Genauso nervend entwickelt sich die Figur des John Dorian selbst und seine "Beziehung" zu Turk. Hatte man in den ersten Staffeln schon so den Eindruck, deren Freundschaft sei ein wenig mehr, so wird dies in der Serie zunehmend auf die Spitze getrieben. Die latente Homoerotik zwischen den beiden nervt. Dazu kommt auch, dass J.D. mit seiner sensiblen und träumerischen Art ein sehr außergewöhnlicher Charakter ist, dessen Schlag bei Frauen man ihm aber nicht abkaufen kann. Wenn er wie in einer Folge in der Wanne von Elliot sitzt, dazu seichte Musik hört und das neue Pflegebad von ihr ausprobiert, dann schreit dessen Homosexualität förmlich nach außen. Nur ein paar Folgen später hat er dann wieder eine selbstbewusste und hübsche Frau aufgerissen. Das passt einfach nicht (es sei denn, die "Ich-bin-Arzt"-Methode zieht gewaltig bei Frauen).

"Scrubs" wird mit zunehmender Staffelanzahl seichter und vorhersehbarer, auch wenn es immer wieder kleine Überraschungen gibt und die Nebenfiguren überzeugen können. Zum Ende hin spendiert Bill Lawrence seinen Charakteren dann einige Happy-Ends, die auch den Zuschauer zufrieden stellen können.

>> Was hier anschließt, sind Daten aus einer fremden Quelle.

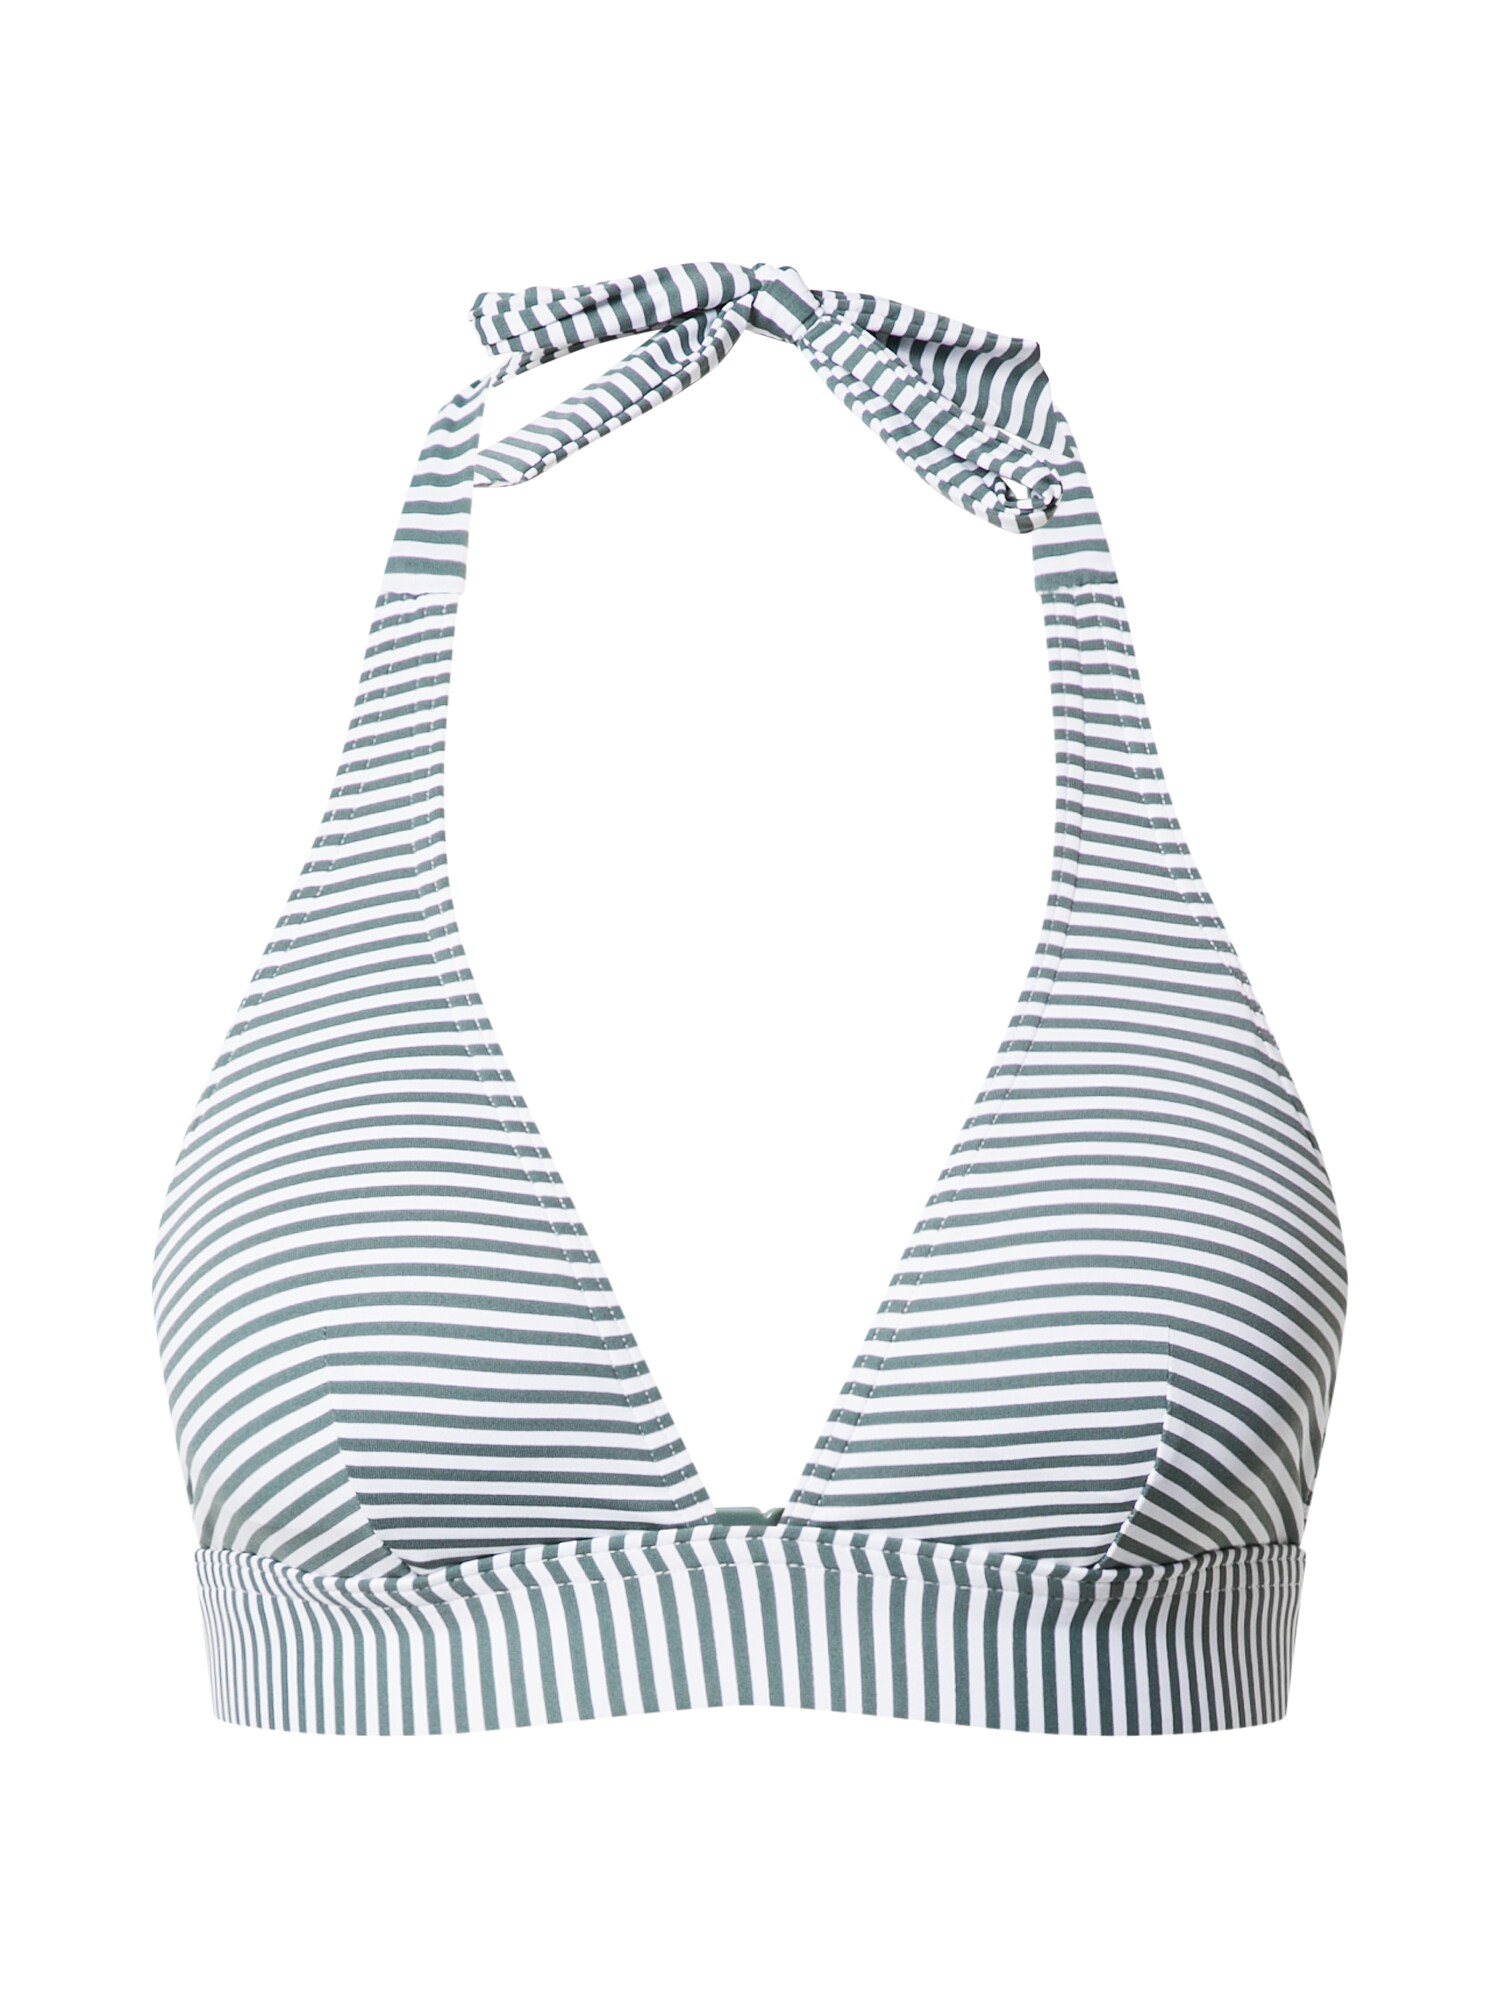 ESPRIT Bikinio viršutinė dalis 'Wireless'  alyvuogių spalva / balta
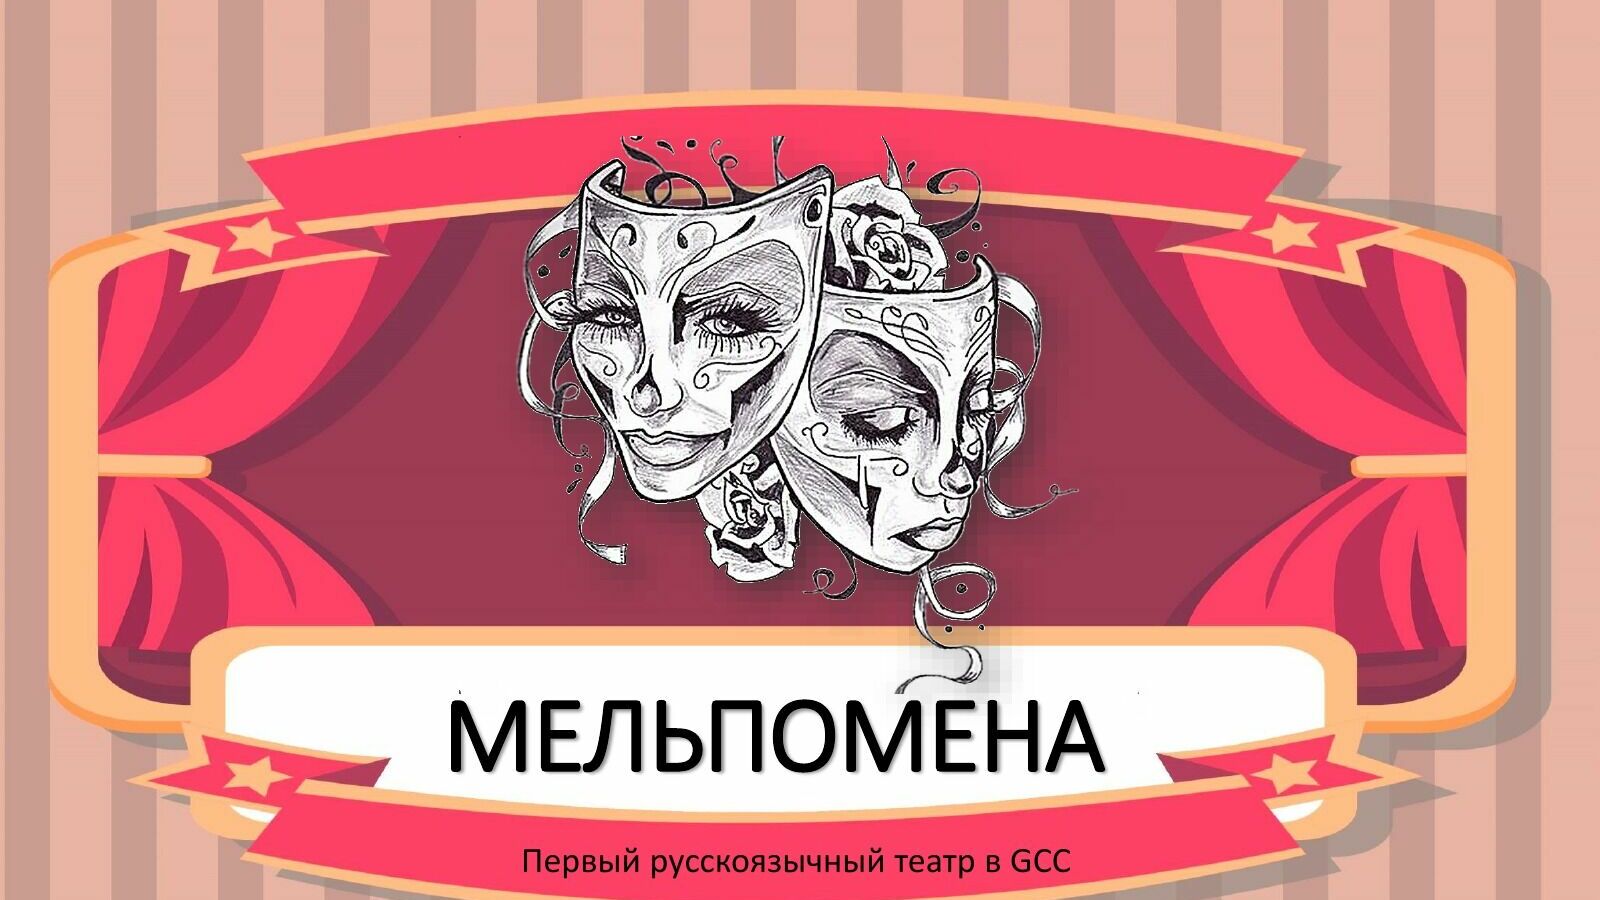 Мельпомена для эмигрантов: в ОАЭ уже седьмой год работает русскоязычный театр

"Scrubs" erreicht aber in den späteren Jahren nie mehr die Klasse der ersten Staffeln. Zu bekannt sind die Erzählmuster, die Anfälle von Dr. Cox, die Träumereien von Elliot oder die Aktionen des Hausmeisters. Für Lacher sorgt das zwar immer, aber enttäuschend angesichts des hohen Niveaus zu Beginn ist dies leider schon.

Bei dem Serien-Quark, denn man sonst so vorgesetzt bekommt, ist und bleibt "Scrubs" aber dennoch eine gute Serie. Sehr gut, wenn man nur die ersten Staffeln anschaut.